BookmarkSubscribeRSS Feed

SAS Viya – CAS Server Node Affinity And Toleration

Started ‎05-18-2023 by
Modified ‎05-18-2023 by
Views 618

In larger SAS Viya deployments or in SAS Viya multi-tenancy deployments, an administrator may decide to create multiple CAS servers to handle different types of workloads. Some workloads may need GPU processing, some may need a lot of CPU and memory, and some may only need a small amount of CPU and memory. One solution would be to run all CAS servers on Kubernetes nodes that have enough processing resources to satisfy the largest possible processing requests but that would be a waste of money for the load that only needed limited resources.


Ideally, the administrator could ensure that CAS servers will run on specific Kubernetes nodes that provide only the required processing resources. This implies that the administrator must require different kinds of Kubernetes nodes, one for each kind of workload, and create CAS servers that will use specific nods.

In this post, I will show you a new and easier way to start CAS server pods on a specific node pool...
 

About label, node pools, affinity, and toleration

 

This post is not about these Kubernetes concepts, but it is important that you know them. At a high level:

  • A label is key/value pairs that are attached to a Kubernetes object, used to specify identifying attributes of objects that are meaningful and relevant to users. It could be used to organize nodes
  • A node pool is a group of nodes within a Kubernetes cluster that all have the same configuration and node label.
  • Affinity and toleration are pod attributes that define on which nodes a pod starts in the Kubernetes cluster.
    • Affinity: To define the specific node pool on which the pod must run by default.
    • Toleration: To define if the pod must run only, or not, on a specific node pool.

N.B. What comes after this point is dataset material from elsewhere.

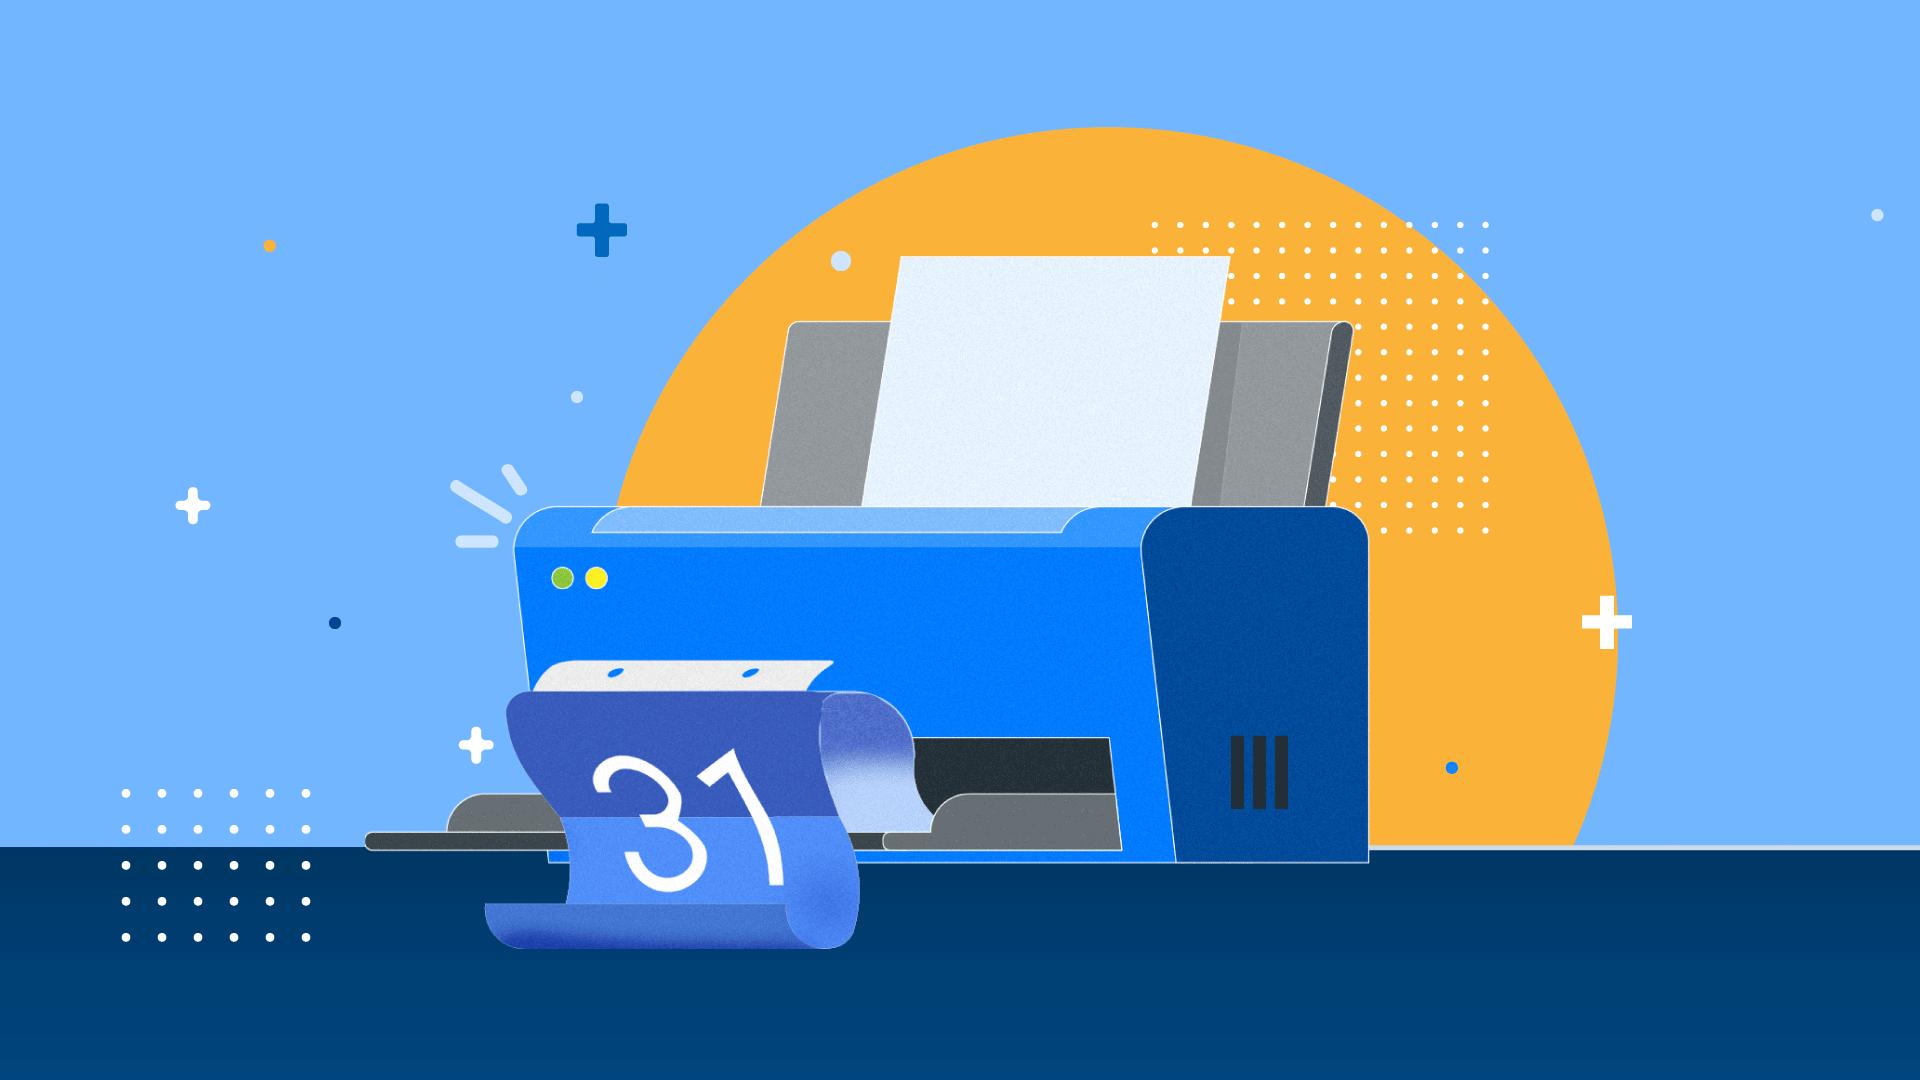 How to print Google Calendar

Create a CAS server with specific node affinities and tolerations

 

To create a new CAS server, SAS provides you with a create-cas-server.sh script that is delivered to you into your SAS Viya deployment assets. You will find this script in the sas-bases/examples/cas/create/ directory. The create-cas-server.sh has different versions, like SAS Viya, and provides you with news options as SAS enhances it.

Since SAS Viya stable 2022.1.4, the create-cas-server.sh script provides us with options to manage the CAS server pods' affinity and toleration.

[myuser@myserver myviyadep]$ bash ./sas-bases/examples/cas/create/create-cas-server.sh --help
Flags:
  -h  --help     help
  -i, --instance CAS server instance name
  -o, --output   Output location. If undefined, default to working directory.
  -v, --version  CAS server creation utility version
  -w, --workers  Specify the number of CAS worker nodes. Default is 0 (SMP).
  -b, --backup   Set this to include a CAS backup controller. Disabled by default.
  -t, --tenant   Set the tenant name. default is shared.
  -r, --transfer Set this to enable support for state transfer between restarts. Disabled by default.
  -a, --affinity Specify the node affinity and toleration to use for this deployment.  Default is 'cas'.
  -q, --required-affinity Set this flag to have the node affinity be a required node affinity.  Default is preferred node affinity.

 

We have now two new options to directly manage the CAS servers' pods' node affinity and toleration when we generate their set of manifests.

  • -a, --affinity: to set the affinity. The parameter value will define on which node pool, Kubernetes nodes the new CAS server pods will have to be started by default.
  • -q, --required-affinity: to set if the new CAS server pods must start only on a specific node pool, Kubernetes nodes based on the label defined with the previous option.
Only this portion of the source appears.